2. (a) Data-hiding in OOP refers to the practice of restricting access to certain data within a class, allowing only authorized methods to modify or view that data. By encapsulating data and providing controlled access through methods (getters and setters), data-hiding helps ensure the integrity and security of the object’s internal state. This prevents unauthorized modification or manipulation of data, reducing the risk of bugs, errors, and security vulnerabilities.

(b) (i) Calling the compareWith method does not cause a conflict because the two methods have different parameter lists. One method compares the Arrival object with a String flightID, while the other compares the Arrival object with another Arrival object. Java allows method overloading, where multiple methods can have the same name but different parameter lists. The method to be invoked is determined based on the number and types of arguments provided in the method call.

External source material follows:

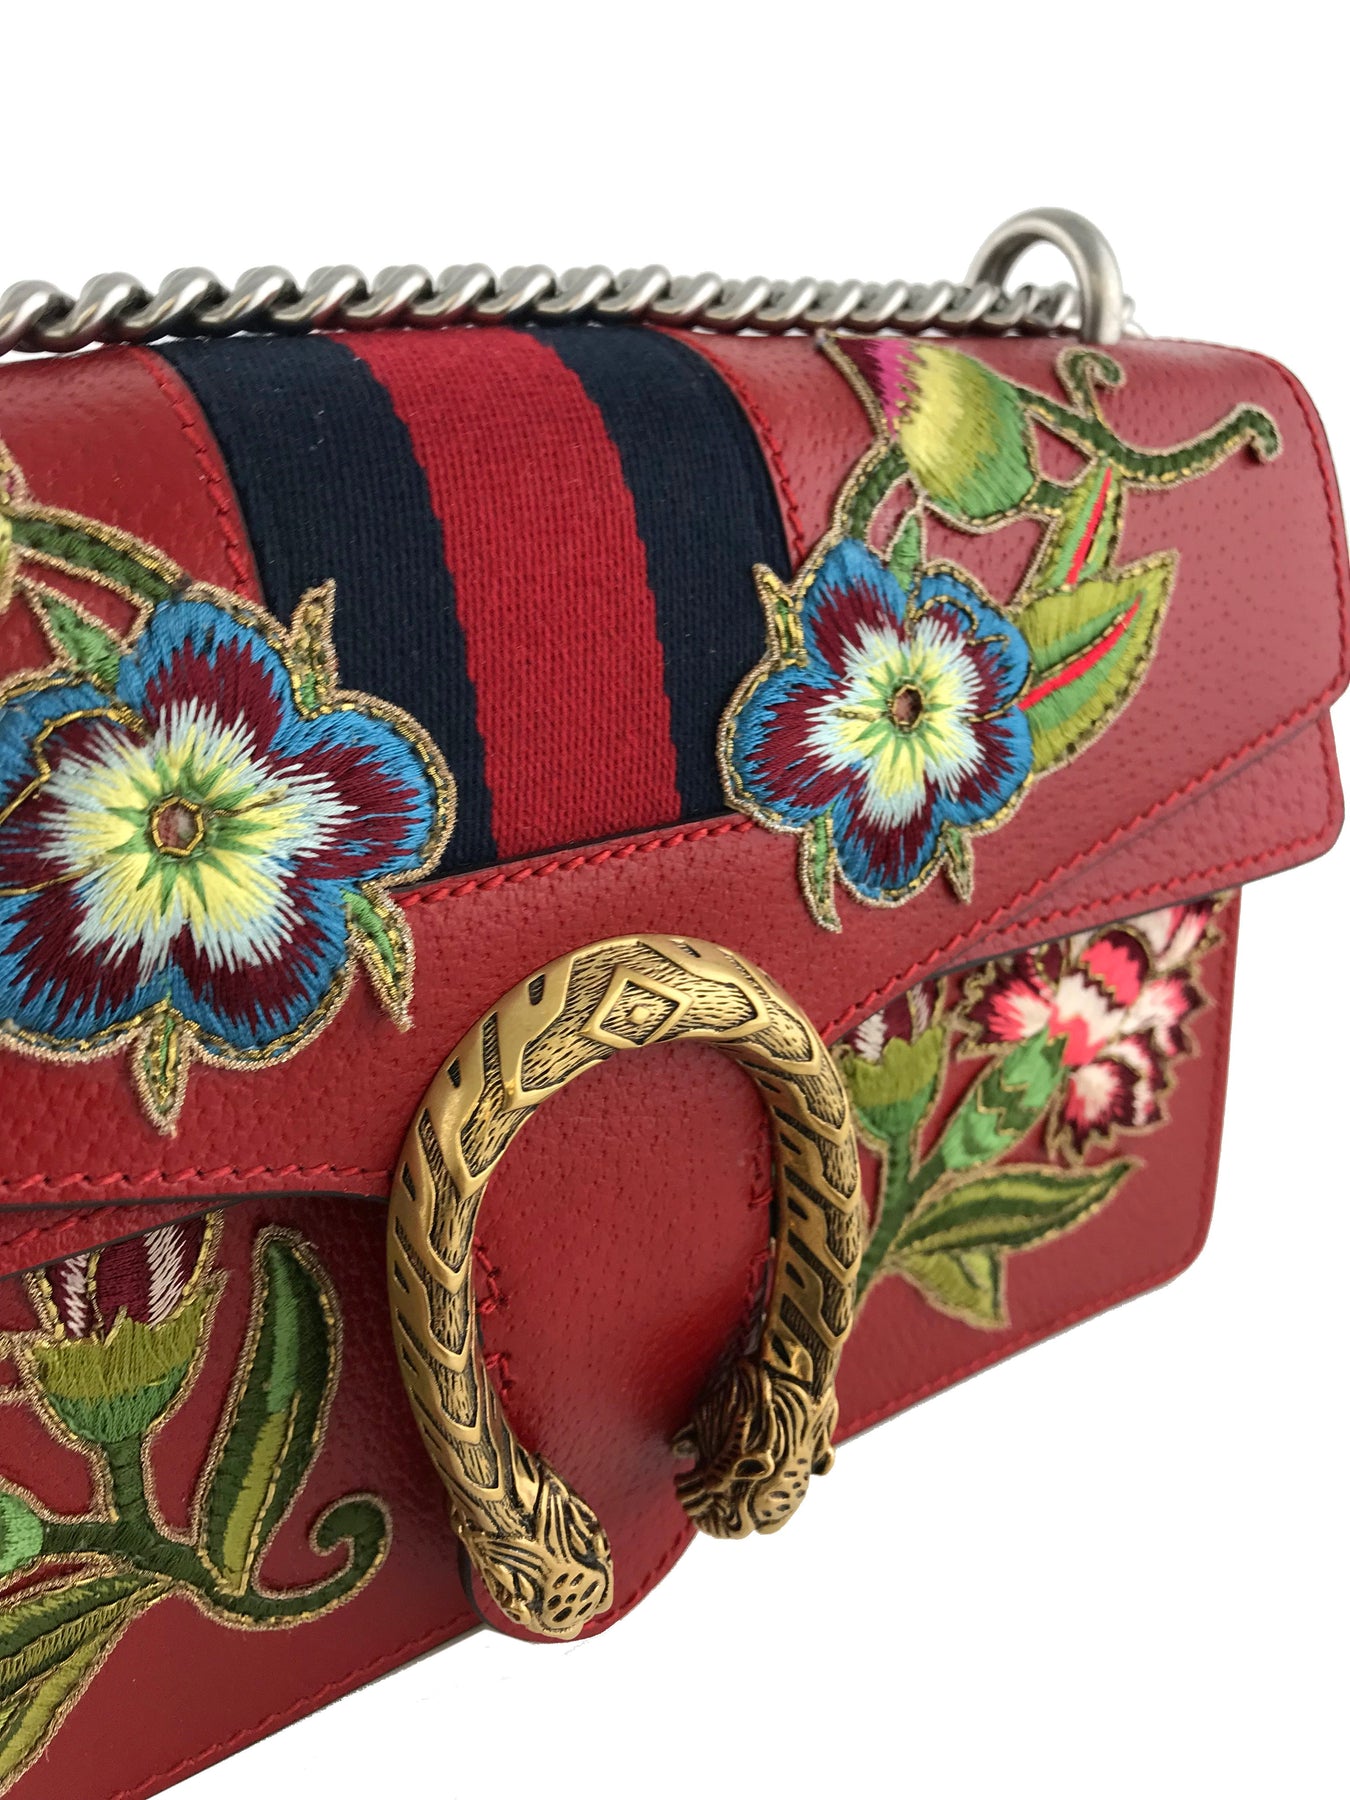 GUCCI Calfskin Web Floral Embroidered Small Dionysus Shoulder Bag

(ii) This OOP property is called method overloading.

public int compareWith(Arrival anotherArrival) {
 // Extract ETA from strings and compare lexicographically

 if (this.getETA().compareTo(anotherArrival.getETA())>0) {
  return 1;
 }
 else {
  return -1;
 }
}

3. (a) Method signature refers to the unique combination of a method’s name and parameter list. It includes the method’s name along with the number, types, and order of its parameters. The return type is not considered part of the method signature.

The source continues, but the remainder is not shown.